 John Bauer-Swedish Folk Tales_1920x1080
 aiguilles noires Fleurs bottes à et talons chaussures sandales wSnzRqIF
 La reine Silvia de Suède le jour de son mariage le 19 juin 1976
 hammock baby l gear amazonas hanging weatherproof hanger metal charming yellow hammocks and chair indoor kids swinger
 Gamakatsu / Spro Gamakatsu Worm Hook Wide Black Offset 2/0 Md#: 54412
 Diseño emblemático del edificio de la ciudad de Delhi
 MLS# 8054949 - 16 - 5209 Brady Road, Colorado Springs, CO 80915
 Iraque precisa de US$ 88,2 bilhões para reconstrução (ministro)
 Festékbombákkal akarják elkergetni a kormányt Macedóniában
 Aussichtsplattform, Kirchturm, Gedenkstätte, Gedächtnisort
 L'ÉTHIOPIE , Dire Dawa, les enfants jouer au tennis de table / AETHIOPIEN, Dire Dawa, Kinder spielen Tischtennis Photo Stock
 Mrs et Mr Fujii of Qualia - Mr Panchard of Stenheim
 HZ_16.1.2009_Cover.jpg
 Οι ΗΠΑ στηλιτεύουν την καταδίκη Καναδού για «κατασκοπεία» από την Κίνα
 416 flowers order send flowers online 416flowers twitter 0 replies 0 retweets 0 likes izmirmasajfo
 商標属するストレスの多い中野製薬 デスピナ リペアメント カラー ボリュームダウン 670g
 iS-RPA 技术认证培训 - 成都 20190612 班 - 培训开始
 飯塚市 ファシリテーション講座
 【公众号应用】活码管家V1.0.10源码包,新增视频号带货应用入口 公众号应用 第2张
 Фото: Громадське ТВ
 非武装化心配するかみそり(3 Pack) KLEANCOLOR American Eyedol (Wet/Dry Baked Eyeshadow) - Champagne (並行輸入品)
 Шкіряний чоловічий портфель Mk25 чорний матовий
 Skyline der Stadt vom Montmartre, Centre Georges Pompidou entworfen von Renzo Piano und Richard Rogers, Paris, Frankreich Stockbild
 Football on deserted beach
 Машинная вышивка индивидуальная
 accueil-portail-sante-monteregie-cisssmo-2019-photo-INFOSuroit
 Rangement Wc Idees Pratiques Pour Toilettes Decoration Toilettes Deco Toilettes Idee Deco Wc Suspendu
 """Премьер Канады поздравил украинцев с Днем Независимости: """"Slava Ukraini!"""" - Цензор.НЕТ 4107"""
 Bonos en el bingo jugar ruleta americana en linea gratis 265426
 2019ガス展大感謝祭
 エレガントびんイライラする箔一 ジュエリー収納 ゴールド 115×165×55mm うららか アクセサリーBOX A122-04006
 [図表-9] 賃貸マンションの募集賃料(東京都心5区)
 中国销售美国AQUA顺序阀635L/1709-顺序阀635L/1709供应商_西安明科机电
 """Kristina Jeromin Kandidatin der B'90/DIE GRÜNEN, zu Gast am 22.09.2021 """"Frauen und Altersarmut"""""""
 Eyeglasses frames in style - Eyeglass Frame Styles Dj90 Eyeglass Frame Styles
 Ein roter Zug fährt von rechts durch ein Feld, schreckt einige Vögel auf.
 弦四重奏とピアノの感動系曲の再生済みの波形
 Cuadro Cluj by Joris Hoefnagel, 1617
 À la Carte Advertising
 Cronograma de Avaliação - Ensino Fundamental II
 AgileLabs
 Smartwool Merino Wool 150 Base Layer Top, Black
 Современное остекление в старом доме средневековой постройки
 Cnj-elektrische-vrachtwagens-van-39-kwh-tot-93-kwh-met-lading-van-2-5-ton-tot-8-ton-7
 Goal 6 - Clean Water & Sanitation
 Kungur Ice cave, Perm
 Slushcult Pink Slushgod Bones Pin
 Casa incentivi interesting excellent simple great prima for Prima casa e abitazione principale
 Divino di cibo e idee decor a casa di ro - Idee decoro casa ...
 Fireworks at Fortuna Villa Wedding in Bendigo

> [PROBLEM REQUIREMENTS]:
Only those lines running from the one containing "Ein roter Zug" through the last line of the data above are to be copied, exactly, with both ends included.

> [YOUR SOLUTION]:
 Ein roter Zug fährt von rechts durch ein Feld, schreckt einige Vögel auf.
 弦四重奏とピアノの感動系曲の再生済みの波形
 Cuadro Cluj by Joris Hoefnagel, 1617
 À la Carte Advertising
 Cronograma de Avaliação - Ensino Fundamental II
 AgileLabs
 Smartwool Merino Wool 150 Base Layer Top, Black
 Современное остекление в старом доме средневековой постройки
 Cnj-elektrische-vrachtwagens-van-39-kwh-tot-93-kwh-met-lading-van-2-5-ton-tot-8-ton-7
 Goal 6 - Clean Water & Sanitation
 Kungur Ice cave, Perm
 Slushcult Pink Slushgod Bones Pin
 Casa incentivi interesting excellent simple great prima for Prima casa e abitazione principale
 Divino di cibo e idee decor a casa di ro - Idee decoro casa ...
 Fireworks at Fortuna Villa Wedding in Bendigo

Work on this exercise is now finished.